— What to work on —
What you return should be every line below, word for word, and none of the images.

— Data segment —
· · ·

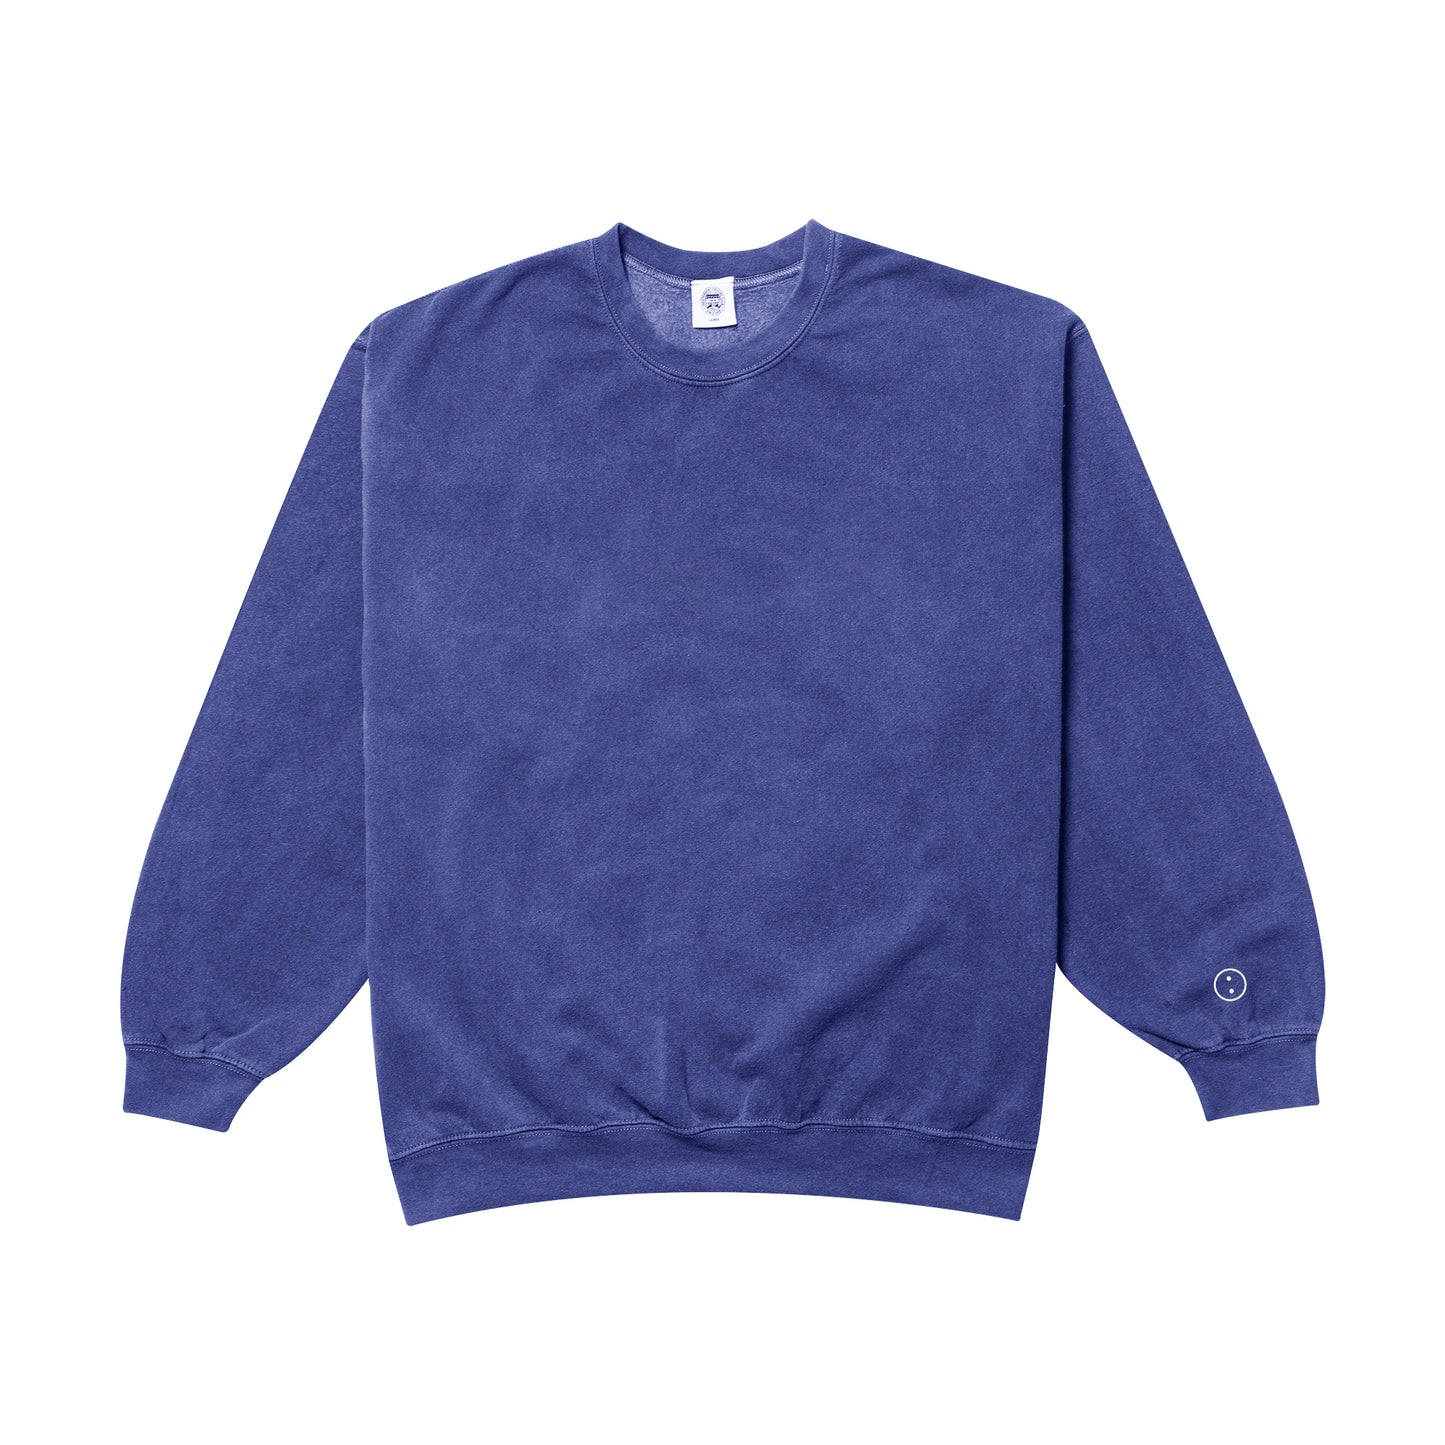 Essentials Vintage Washed Sweater - Navy
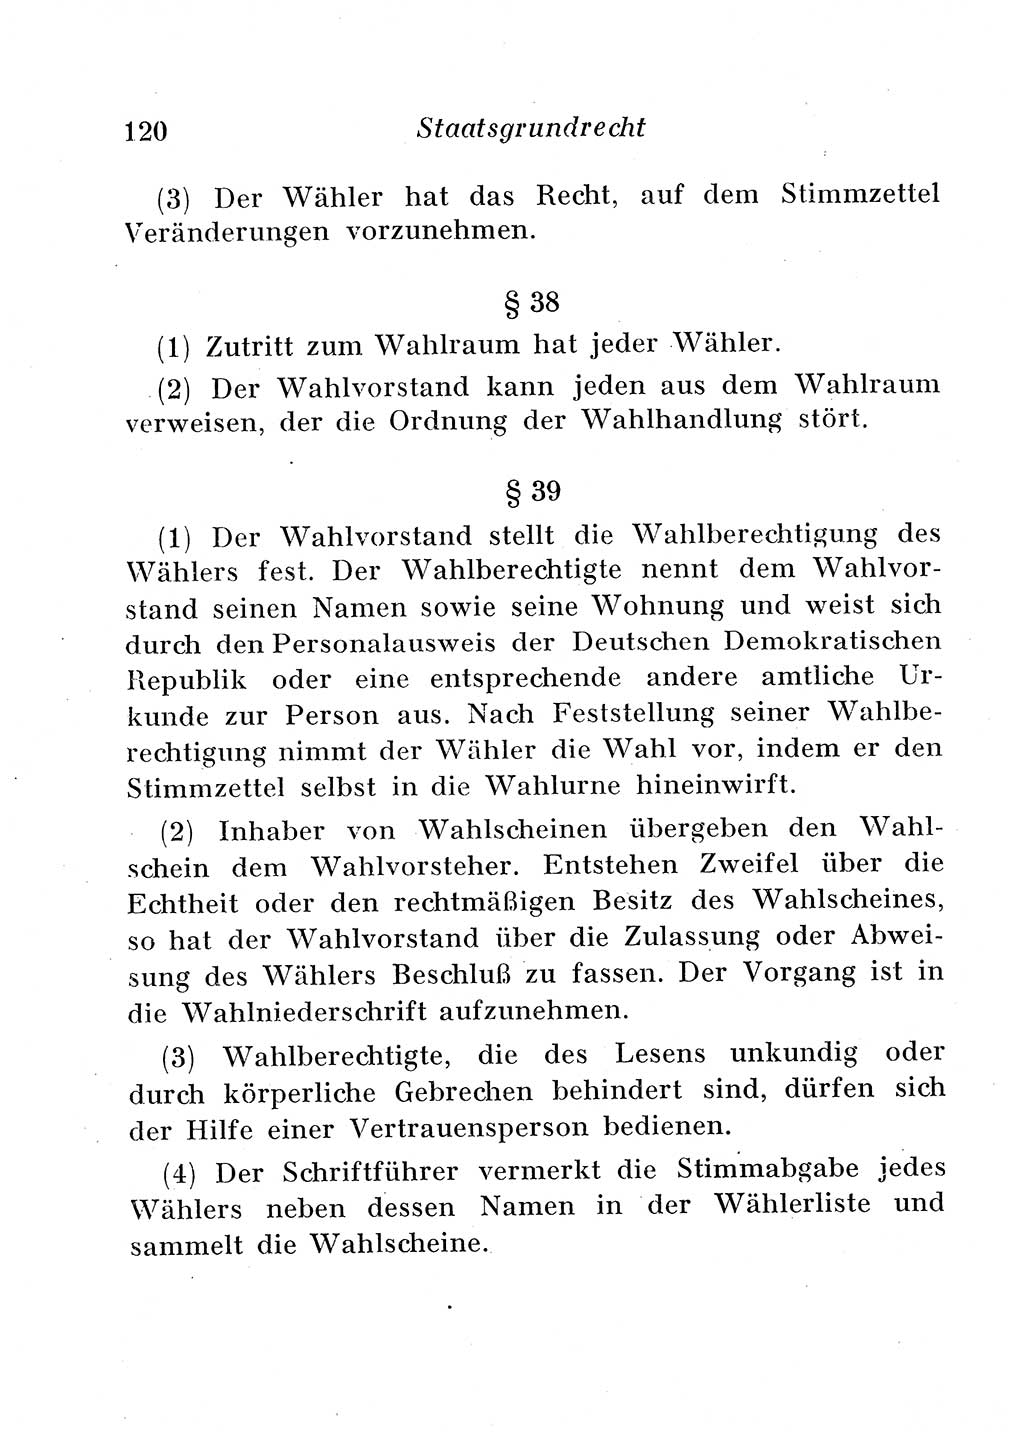 Staats- und verwaltungsrechtliche Gesetze der Deutschen Demokratischen Republik (DDR) 1958, Seite 120 (StVerwR Ges. DDR 1958, S. 120)
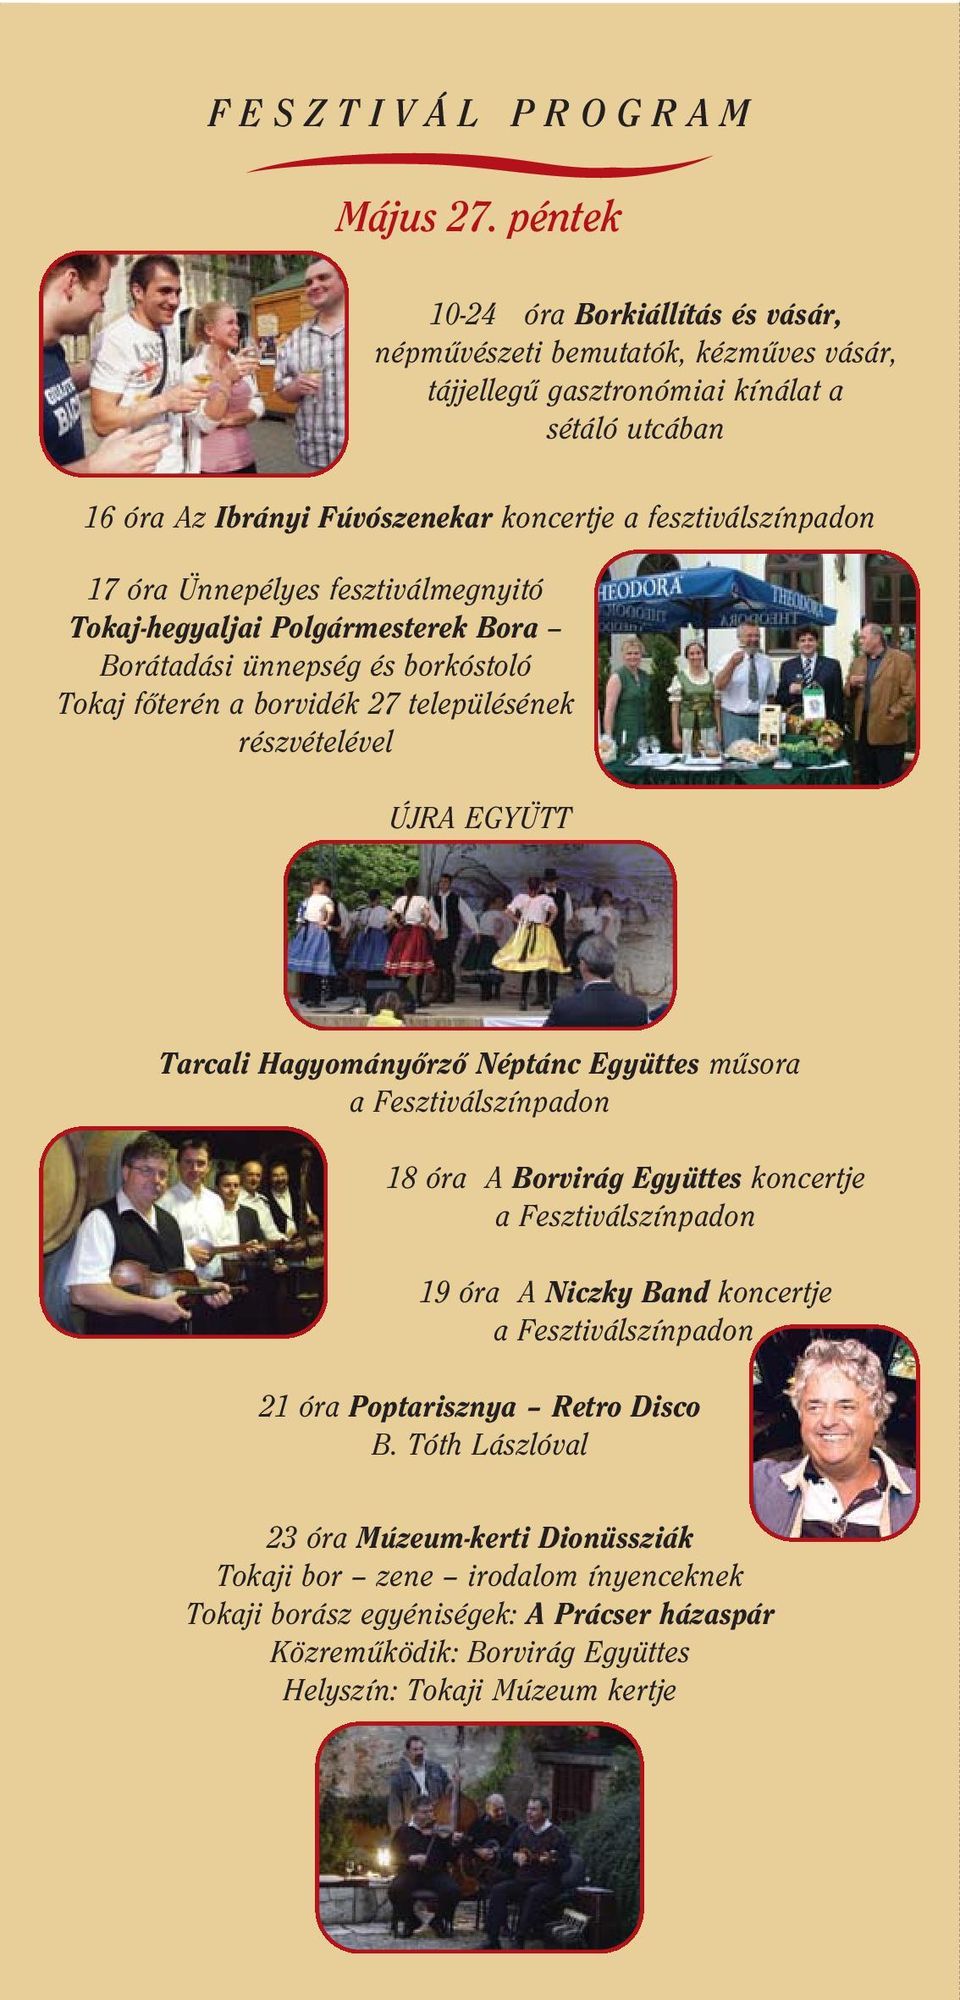 fesztiválszínpadon 17 óra Ünnepélyes fesztiválmegnyitó Tokaj-hegyaljai Polgármesterek Bora Borátadási ünnepség és borkóstoló Tokaj fôterén a borvidék 27 településének részvételével

· · ·

— Response to the exercise —
 Essentials Vintage Washed Sweater - Navy
 Staats- und verwaltungsrechtliche Gesetze der Deutschen Demokratischen Republik (DDR) 1958, Seite 120 (StVerwR Ges. DDR 1958, S. 120)
 fesztiválszínpadon 17 óra Ünnepélyes fesztiválmegnyitó Tokaj-hegyaljai Polgármesterek Bora Borátadási ünnepség és borkóstoló Tokaj fôterén a borvidék 27 településének részvételével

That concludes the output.